I'm trying to standardize a dataset by Chiaretti et al. that can be loaded to a Google Colab notebook like this:
import pandas as pd
import numpy as np
!wget https://github.com/kivancguckiran/microarray-data/raw/master/csv/chiaretti.tar.gz
!tar -zxvf chiaretti.tar.gz
features = pd.read_csv("chiaretti_inputs.csv", header=None)
labels = pd.read_csv("chiaretti_outputs.csv", header=None).squeeze()
I've used three different methods to compute Z-Scores, and I wonder what causes the (small) difference in results between pandas & numpy/sklearn:
n_samples, n_features = features.shape
standardised_sklearn = pd.DataFrame(StandardScaler().fit_transform(features))
standardised_numpy = pd.DataFrame((features - np.mean(features)) / np.std(features))
standardised_pandas = pd.DataFrame((features - features.mean()) / features.std())
#count how many z-scores are less then epsilon=10**-10 apart (between sklearn & numpy)
compare1 = len(np.where(np.abs(standardised_sklearn - standardised_numpy) <= 10**-10)[0])
print(compare1 / (n_samples*n_features)) #will output 100%
#count how many z-scores are less then epsilon=10**-10 apart (between sklearn & pandas)
compare2 = len(np.where(np.abs(standardised_sklearn - standardised_pandas) <= 10**-10)[0])
print(compare2 / (n_samples*n_features)) #will output 0%
#count how many z-scores are less then epsilon=10**-2 apart (between sklearn & pandas)

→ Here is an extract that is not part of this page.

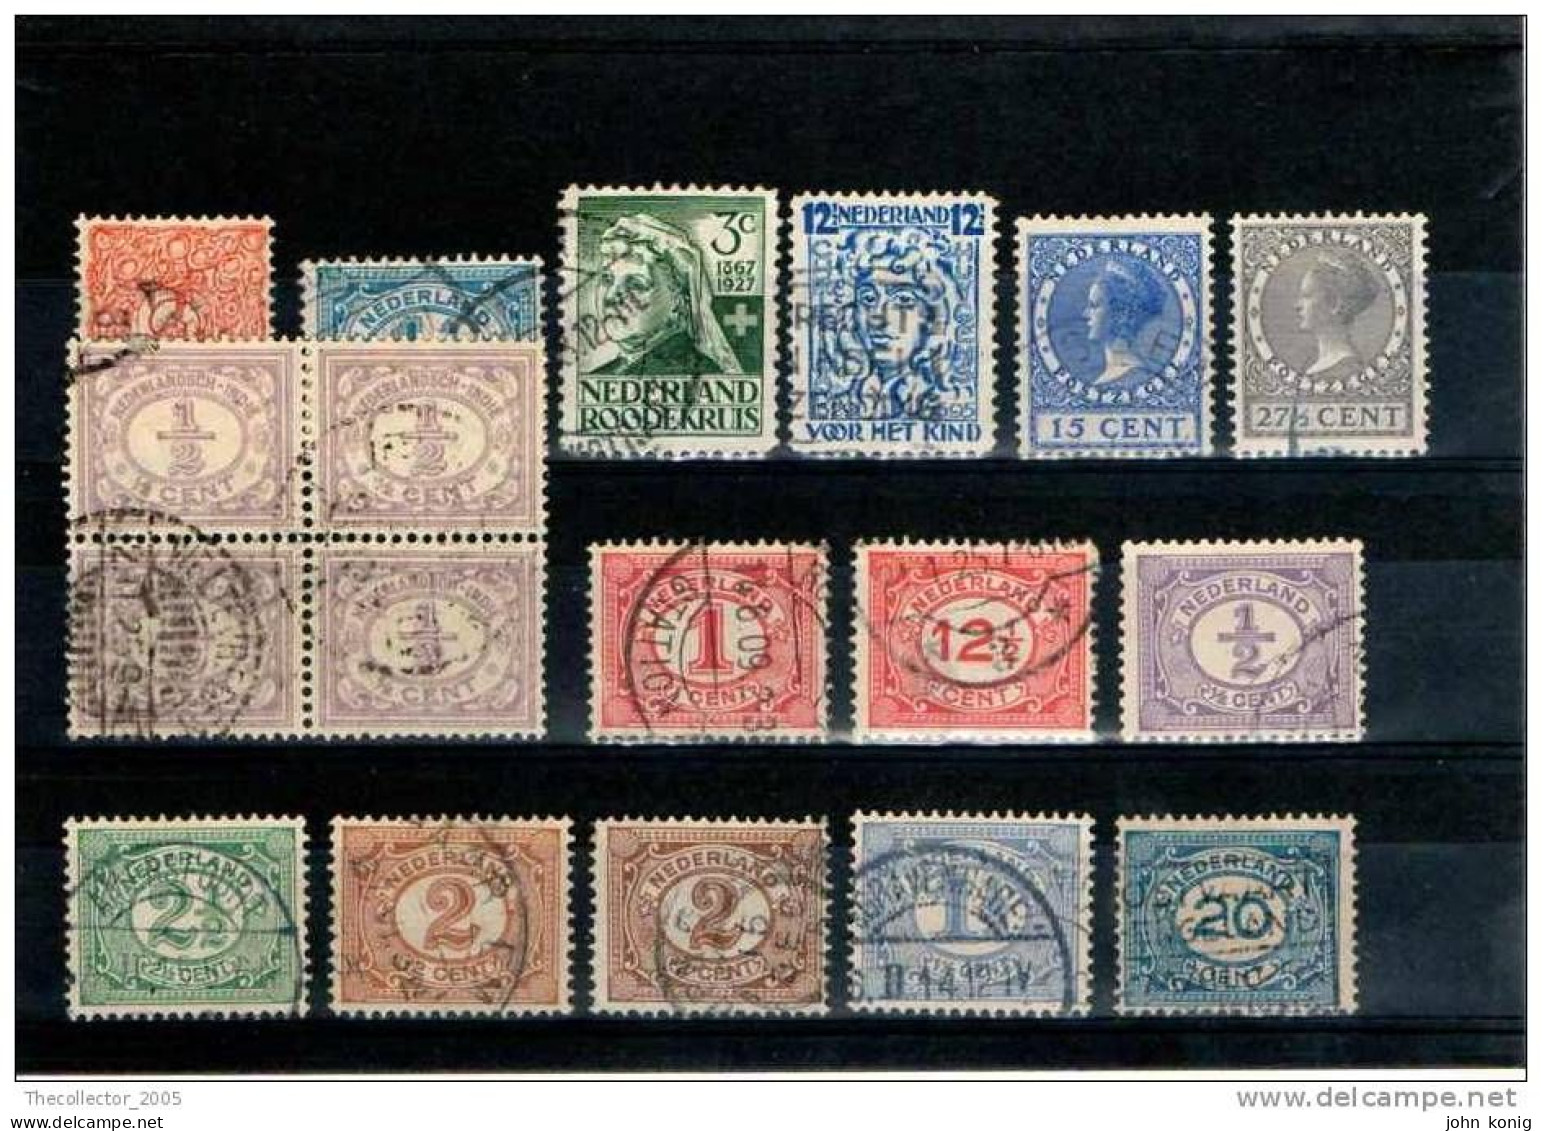 Olanda Holland Nederland - Stamps Lot Used - Gestempelt - Francobolli Lotto Usati - Verzamelingen

compare3 = len(np.where(np.abs(standardised_sklearn - standardised_pandas) <= 10**-2)[0])
print(compare3 / (n_samples*n_features)) #will output 98%
We can see that sklearn & numpy are pretty much the same (results differ by a factor of 10**-15), but pandas is very different. I'm wondering what happens "under the hood" that makes mean/std calculations so different in pandas.